笑容,灿烂,和其他独立乐队没有什么特别的区别,积极主动地宣传乐队和唱片,全心全意地绽放光芒。
咔嚓。
贝特朗注意到了,旁边有记者摁下快门记录时间——
把瞬间记录为永恒。
贝特朗不由一阵心潮澎湃,也跟着展露笑容,“谢谢,我会去确认看看的。”
人群,渐渐散去,贝特朗骑上摩托车的时候确实正在认真地想着:
下班之后,他应该前往唱片店确认看看,希望能够找到。
显然,贝特朗不是唯一一个。
那厢,卡米拉和宝琳已经提前一步到达了唱片店。
“……即使你提前告诉我,我也还是没有办法想象,哇哦,我的意思是,哇哦!”
“对吧对吧对吧,我就说过,他们不一样。”
“不一样,真的不一样,我真的好习惯迈尔斯,难以置信,他们居然真的把大提琴融入乐队,而且还以大提琴作为主乐器,啊啊啊,我想尖叫。”
“我也喜欢,我喜欢莉莉,也喜欢康纳,但我最喜欢的还是安森。”
“好吧,我承认,没有人能够拒绝安森。
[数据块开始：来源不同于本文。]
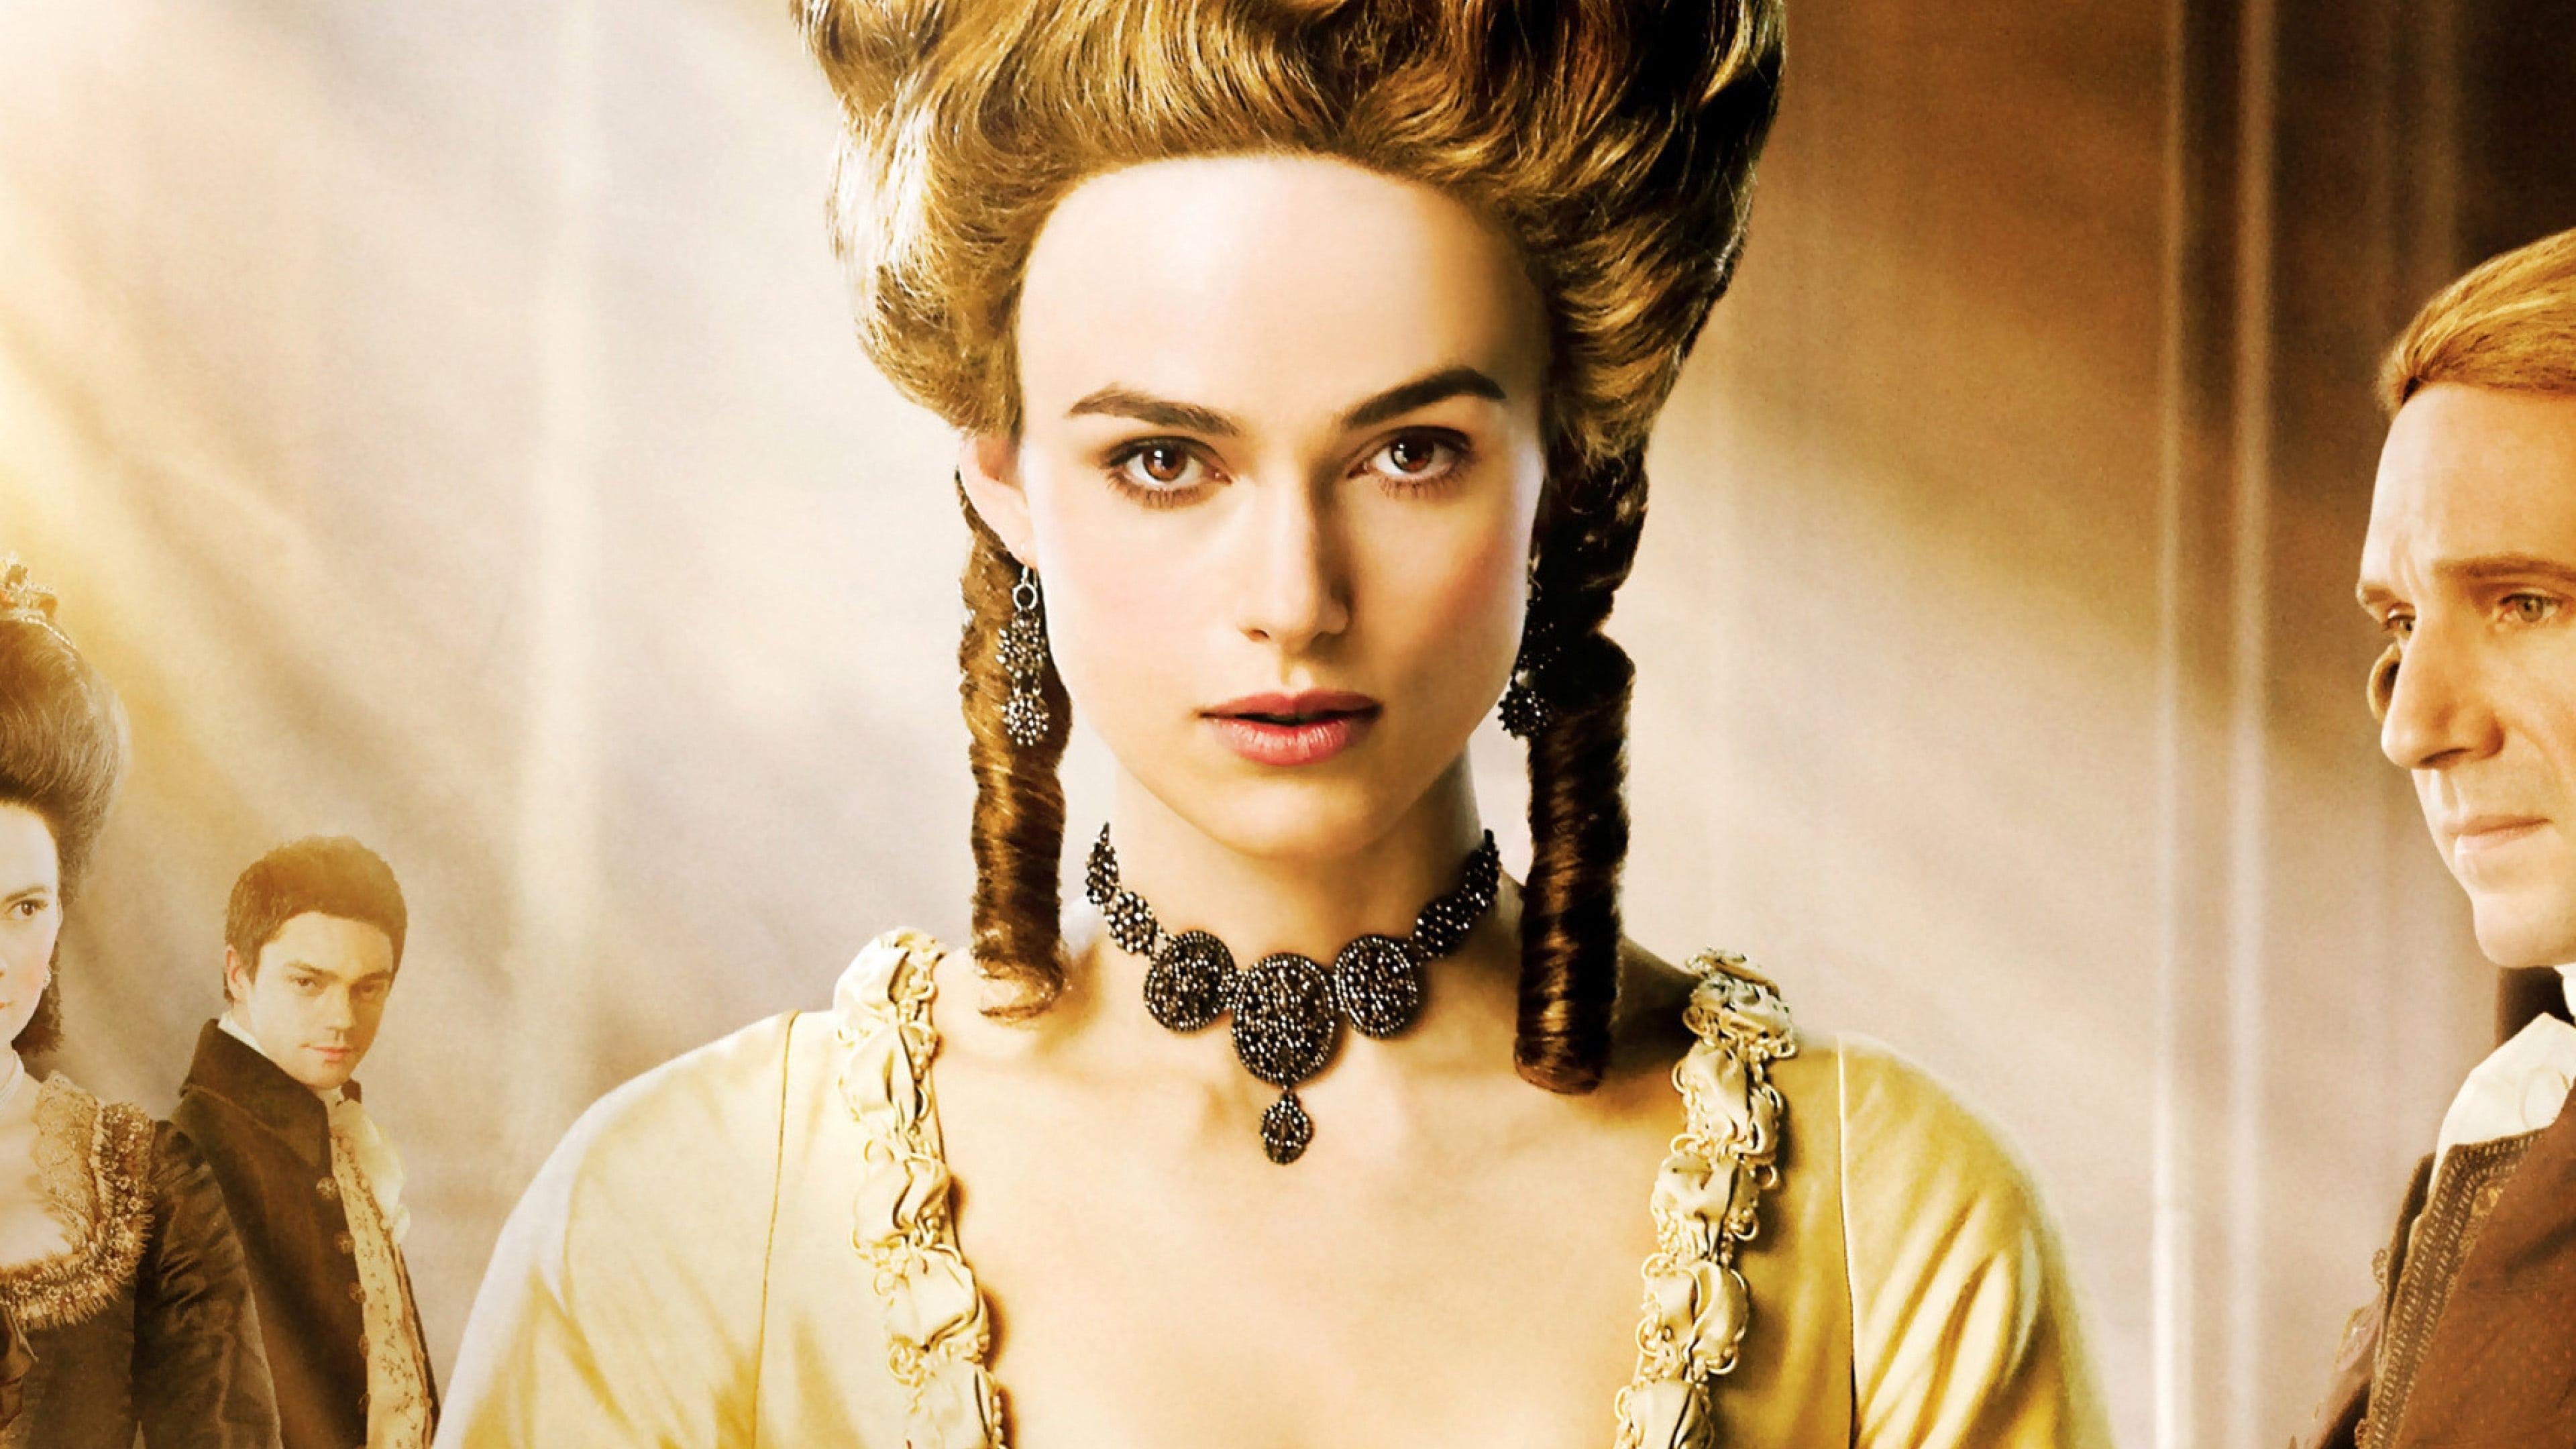 The Duchess

”
叽叽喳喳地,说着说着就忍不住发出尖叫,下一秒意识到可能打扰其他人,连忙闭上嘴巴,两个人交换一个视线,看着彼此眼睛里的雀跃和激动,哧哧地笑起来。
不止卡米拉,宝琳也是一样。
现在回想整个下午,还是如同梦境一样——
从抵达卢森堡公园开始就是如此,到整个街头演出,再到一个神乎其神地收尾,一切都充满神奇色彩。
谁能够想象到,一场街头演出居然能够吸引警方出动,表演者一度差点被拘留,却又因为表演者的随机应变和沉稳处理而化险为夷呢?
如果不是宝琳自己亲身经历,别人告诉她这样的故事,她可能会嗤之以鼻,完全不相信,怎么听怎么像是天方夜谭。
但偏偏,这一切发生了。
如梦似幻。
866 揭开面纱
所以,这就是爱丽丝梦游仙境的感受吗?
激动和亢奋根本停不下来,恍惚之间,仿佛又重新回到青春岁月,那些热情那些肆意,仿佛一路狂奔也能够奔跑到天亮一般,暂时摆脱生活的束缚和现实的禁锢,再次找回自由的感觉。
轻盈的,美妙的,幸福的,放肆的,畅快的。
一切,蒙上一层金色光晕。
即使演出已经结束小半个小时,她们的脚步早就已经离开卢森堡公园,情绪也还是在持续激荡持续燃烧,稍稍回想一下就忍不住想要尖叫想要欢呼想要……奔跑,在巴黎的大街小巷里肆意狂奔起来。
这样的感受,在成年人的世界里已经许久许久不曾感受到,宝琳几乎忘记,自己曾经也如此简单过。